Resemble AI has released DramaBox, an open-source text-to-speech model that takes screenplay-style prompts and turns them into voiced performances. Dialogue goes inside quotes. Stage directions, like sighs, whispers, or a cracking voice, sit outside the quotes, and the model treats them as performance cues rather than words to speak. The model card is live on Hugging Face.
Voice cloning is optional. A 10-second reference clip locks the timbre while the prompt still controls emotion and pacing. Skip the reference and DramaBox invents a voice from the speaker description. Output is 48kHz stereo, and every clip gets a Resemble Perth watermark that the company says survives MP3 compression and routine edits at near-100% detection accuracy.
Under the hood it is an IC-LoRA fine-tune of Lightricks' LTX-2.3, the 3.3B-parameter audio branch of the LTX-2 video model, conditioned on Gemma 3 12B text embeddings at 4-bit quantization. Resemble's launch post pegs generation at around 2.5 seconds on a warm H100 with roughly 24 GB peak VRAM. The release is English-only, which Resemble calls deliberate, trading language coverage for quality on directable speech.
Code is on GitHub under the LTX-2 Community License, and the trainer supports stacking your own LoRA on top of the DramaBox checkpoint.

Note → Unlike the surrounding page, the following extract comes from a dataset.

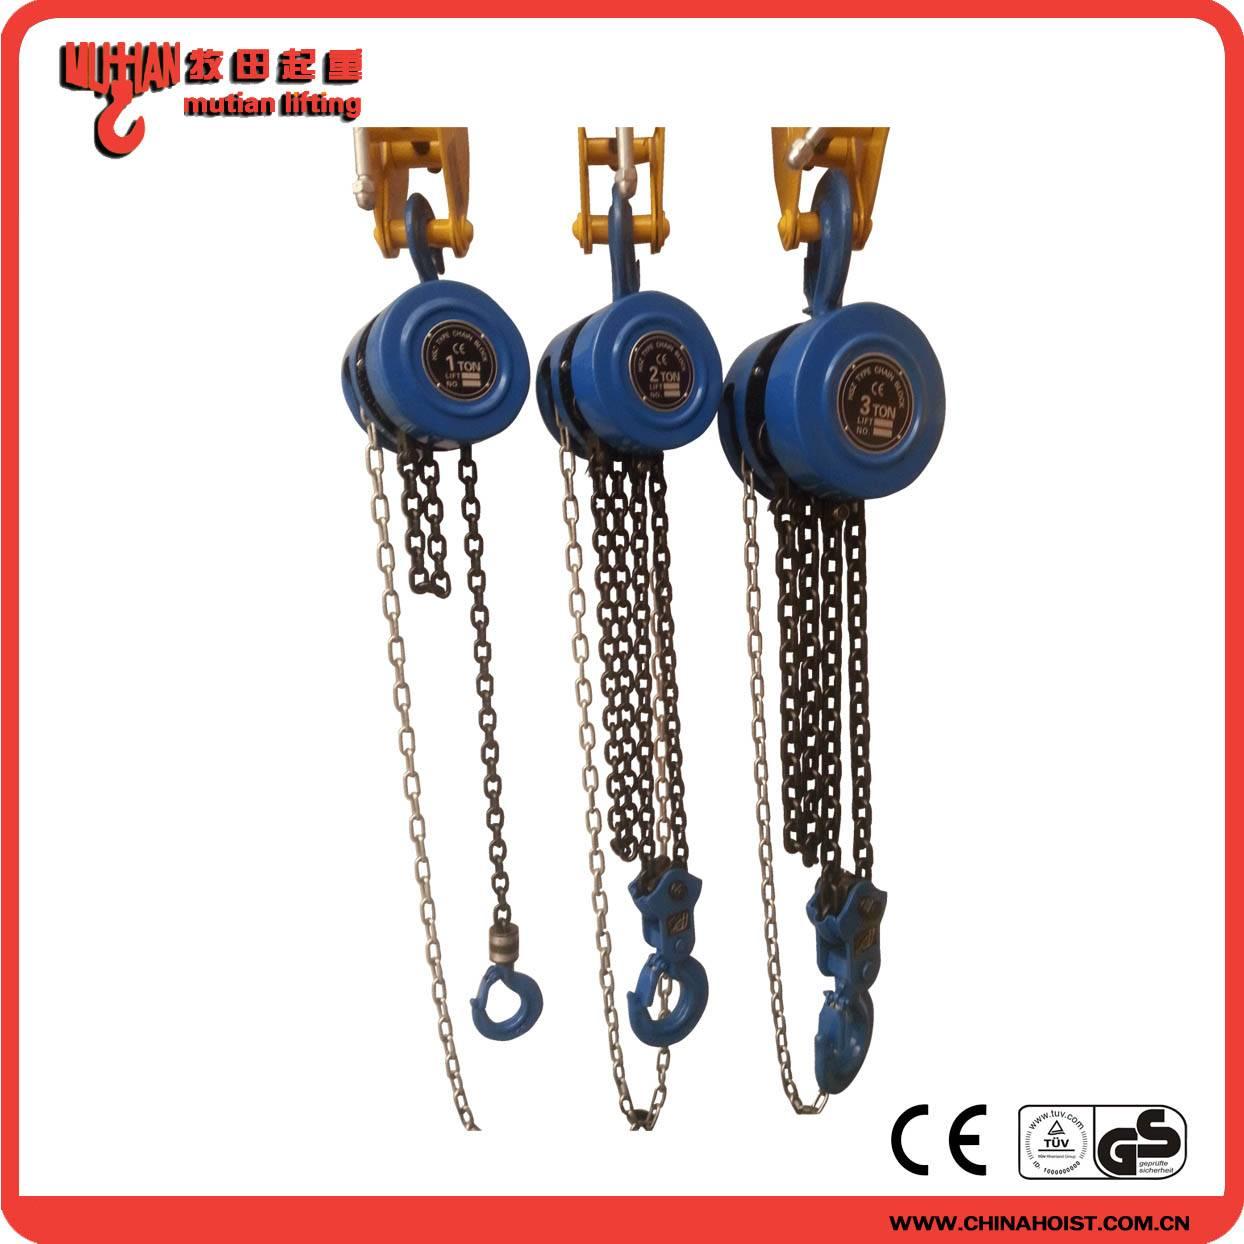 1T/2T/3T HSZ type construction manual hand chain hoist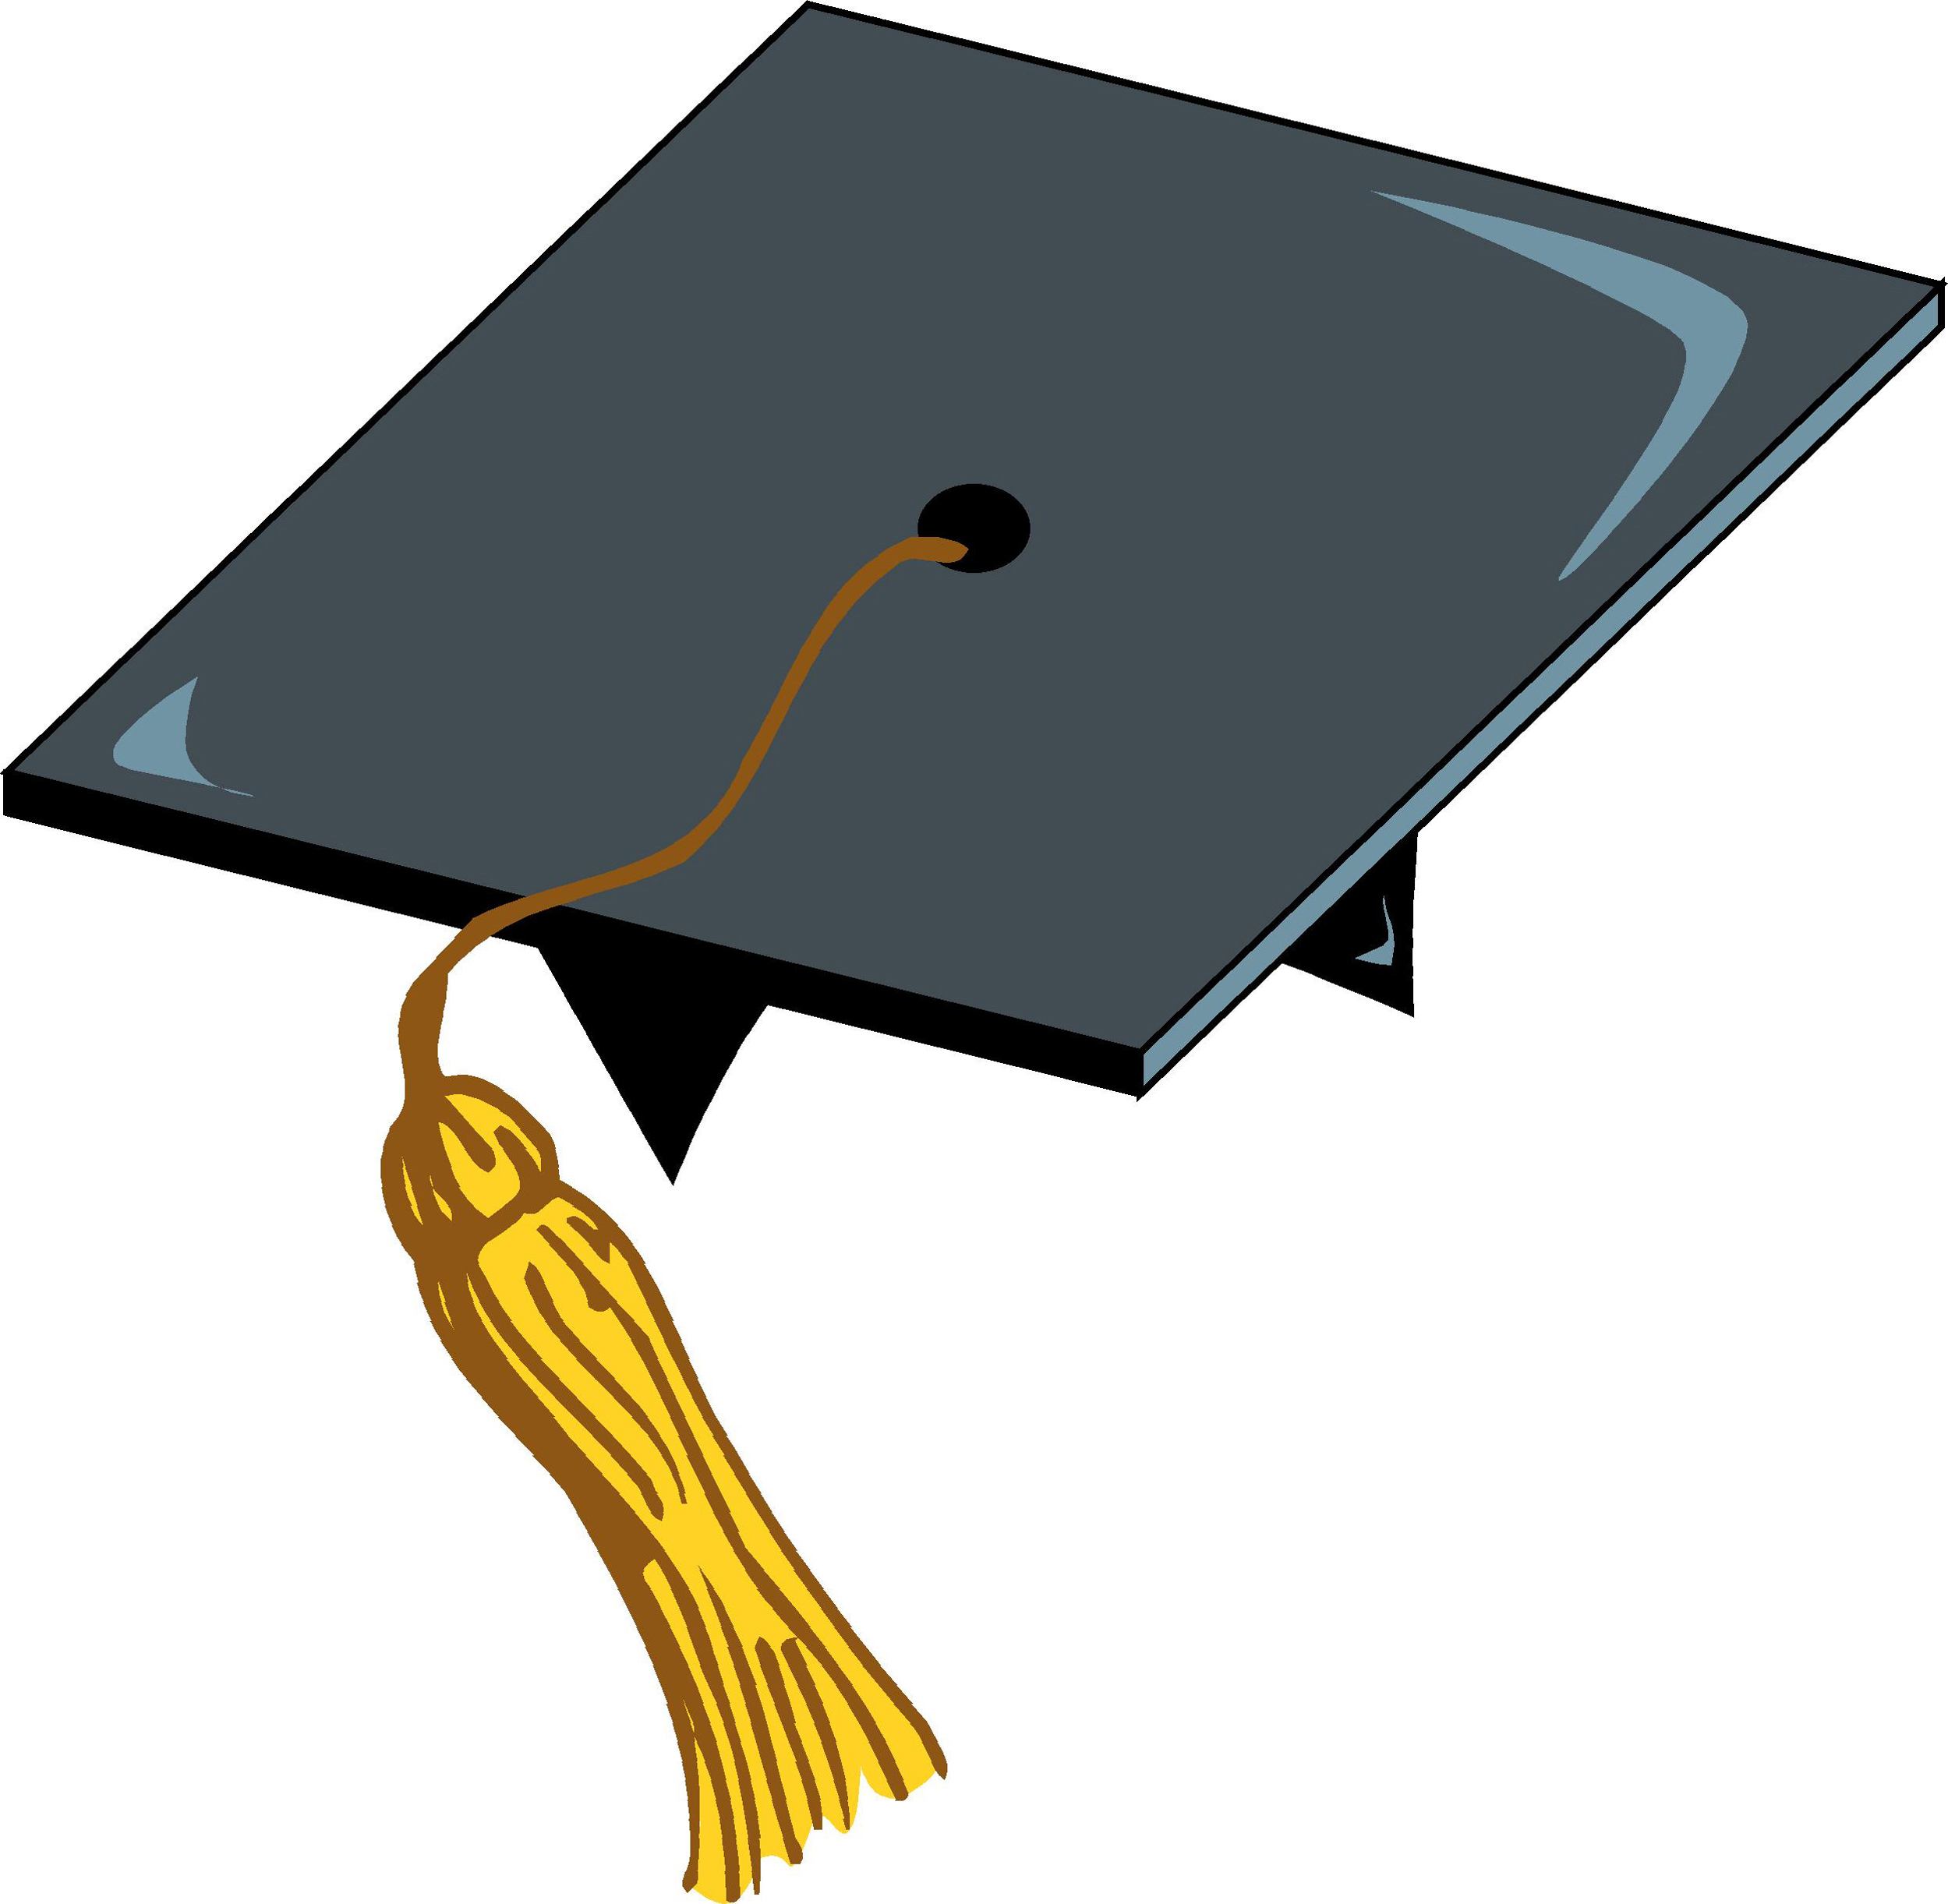 College clipart valedictorian. Clip art library

Performance and watermark robustness claims are self-reported; no third-party evaluations have surfaced yet.
Bottom Line
DramaBox runs in roughly 2.5 seconds on a 24 GB H100 and watermarks every output by default unless explicitly disabled.
Quick Facts
- Base model: LTX-2.3 audio branch, 3.3B parameters
- Text encoder: Gemma 3 12B at 4-bit quantization
- Voice cloning reference length: 10 seconds
- Output: 48 kHz stereo with Resemble Perth watermark
- Peak VRAM: approximately 24 GB on H100 (company-reported)
- Language support: English only at launch